Hij werkte als zelfstandig advocaat in Amed sinds 1992. Tussen 1998 en 2006 werkte hij als manager bij de Orde van Advocaten in Amed. Tijdens deze periode studeerde hij internationaal strafrecht en strafrechtelijke procedures aan de Academie voor Europees Recht in Duitsland en woonde hij vele nationale en internationale conferenties bij als spreker.
Hij vertegenwoordigde slachtoffers in veel binnenlandse rechtszaken en voor binnenlandse rechtbanken en het Europees Hof voor de Rechten van de Mens (EHRM). Hij was lid van de Turkse Orde van Advocaten (TBB), de adviesraad van het Centrum voor de Mensenrechten voor Wetenschap, het oprichtingscomité van de Turkse Stichting voor de Mensenrechten (TIHV) en was betrokken bij de oprichting en werking van verschillende maatschappelijke organisaties. Hij werd in 2012 verkozen tot voorzitter van de Orde van Advocaten van Amed en bleef zijn functie uitoefenen tot 28 november 2015, de dag dat hij werd vermoord.
Ahmet Şık, een onderzoeksjournalist die eerder gevangen werd gezet door de Turkse regering en nu HDP-afgevaardigde voor Istanbul, had op Twitter geschreven: “Ze kozen ervoor om Tahir Elçi te vermoorden, in plaats van hem te arresteren”.
Zijn woorden zouden dramatisch waar blijken te zijn.
28 november 2015: Een geplande moord
Op 28 november 2015 werd Tahir Elçi, een prominente Koerdische mensenrechtenadvocaat, doodgeschoten tijdens een persconferentie in de stad Diyarbakır in het zuidoosten van Turkije. Het was 10.53 uur toen Elçi bij de Vierbenige Minaret met een kogel in zijn nek werd geschoten.
Tijdens de persconferentie had Elçi opgeroepen tot kalmte in de stad, te midden van een recente golf van geweld. In de weken en maanden na zijn dood escaleerde het conflict echter, met als gevolg de bijna totale verwoesting van het historische centrum van Diyarbakır, Sur, een historisch verzet, de dood van honderden burgers en de ontheemding van duizenden anderen.
In een openbare toespraak op de dag van de moord beloofde de toenmalige premier van Turkije, Ahmet Davutoğlu, de “onbekende daders” op te pakken en beloofde hij dat het staatsonderzoek de waarheid aan het licht zou brengen. “Politiek gemotiveerde moorden”, voegde hij eraan toe, “zullen niet worden getolereerd”.
Maar terwijl de premier zijn toespraak hield en beloofde om de moordenaars te pakken, faalden de autoriteiten (was het opzettelijk?
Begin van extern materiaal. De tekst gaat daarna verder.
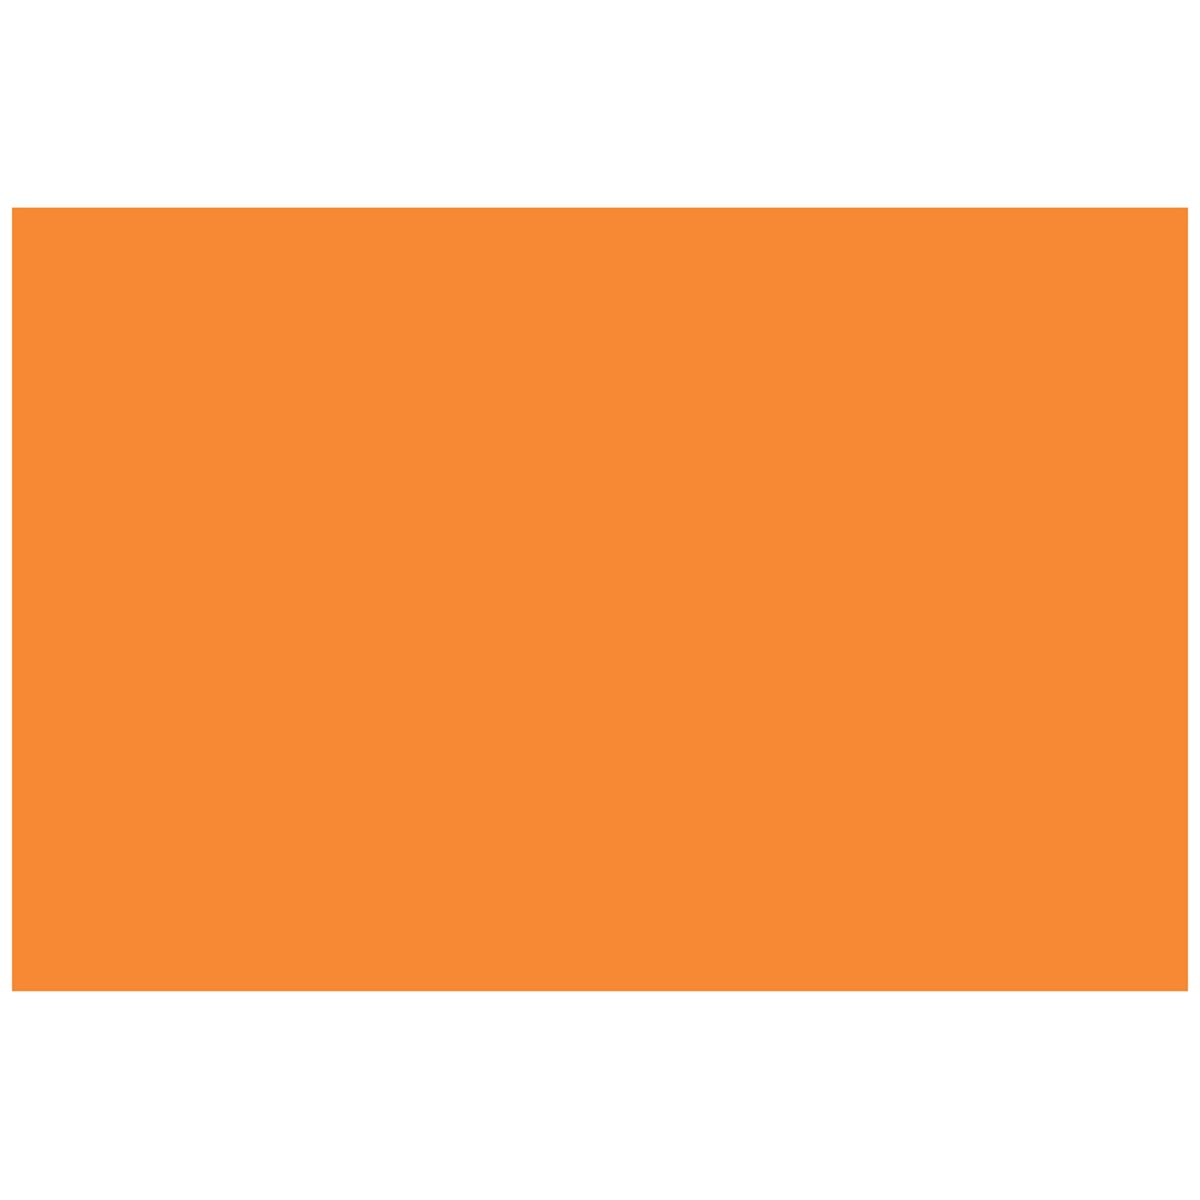 PDC Healthcare CS-O Label Compatible with CS-2 Guns Paper, Permanent, 1'' Core, 15/16'' x 5/8'', Orange (Pack of 24000)

Je kunt alleen maar denken van wel, helaas) om de plaats delict veilig te stellen of te verwerken. Ze gaven de schuld aan de aanhoudende botsingen in het gebied en toen onderzoekers twee dagen later terugkeerden en begonnen met het verzamelen van bewijsmateriaal, duurde hun werk maar heel kort.
Uiteindelijk verzamelden de onderzoekers 43 bewijsstukken die eerder waren geïdentificeerd en gelabeld om te worden verzameld. Veertig andere stukken, uit het gebied direct rond de basis van de minaret, waar Elçi werd vermoord, werden niet verzameld. Foto’s en beelden tonen burgers die rond de moordplek lopen, die duidelijk gecompromitteerd was.
De kogel die Elçi doodde is inderdaad nooit teruggevonden. Pas vier maanden later, in maart 2016, keerden onderzoekers terug om een nieuw tweedaags onderzoek uit te voeren op de plaats van de moord.
Mogelijk nog verontrustender was het feit dat de politieagenten die tijdens de persconferentie duidelijk te zien waren terwijl ze hun wapens in Elçi’s richting schoten, nooit werden ondervraagd als potentiële verdachten, alleen als getuigen.
Rapport van de Universiteit van Londen: Politie schoot Elçi neer
Later in 2016 gaf de Orde van Advocaten van Diyarbakır de onderzoeksgroep Forensic Architecture van de Londense universiteit Goldsmiths opdracht om het bewijsmateriaal te onderzoeken dat in hun bezit was. Dat omvatte getuigenverklaringen, videobeelden, foto’s en materiaal van het onderzoek op de plaats delict, en officiële en onafhankelijke rapporten.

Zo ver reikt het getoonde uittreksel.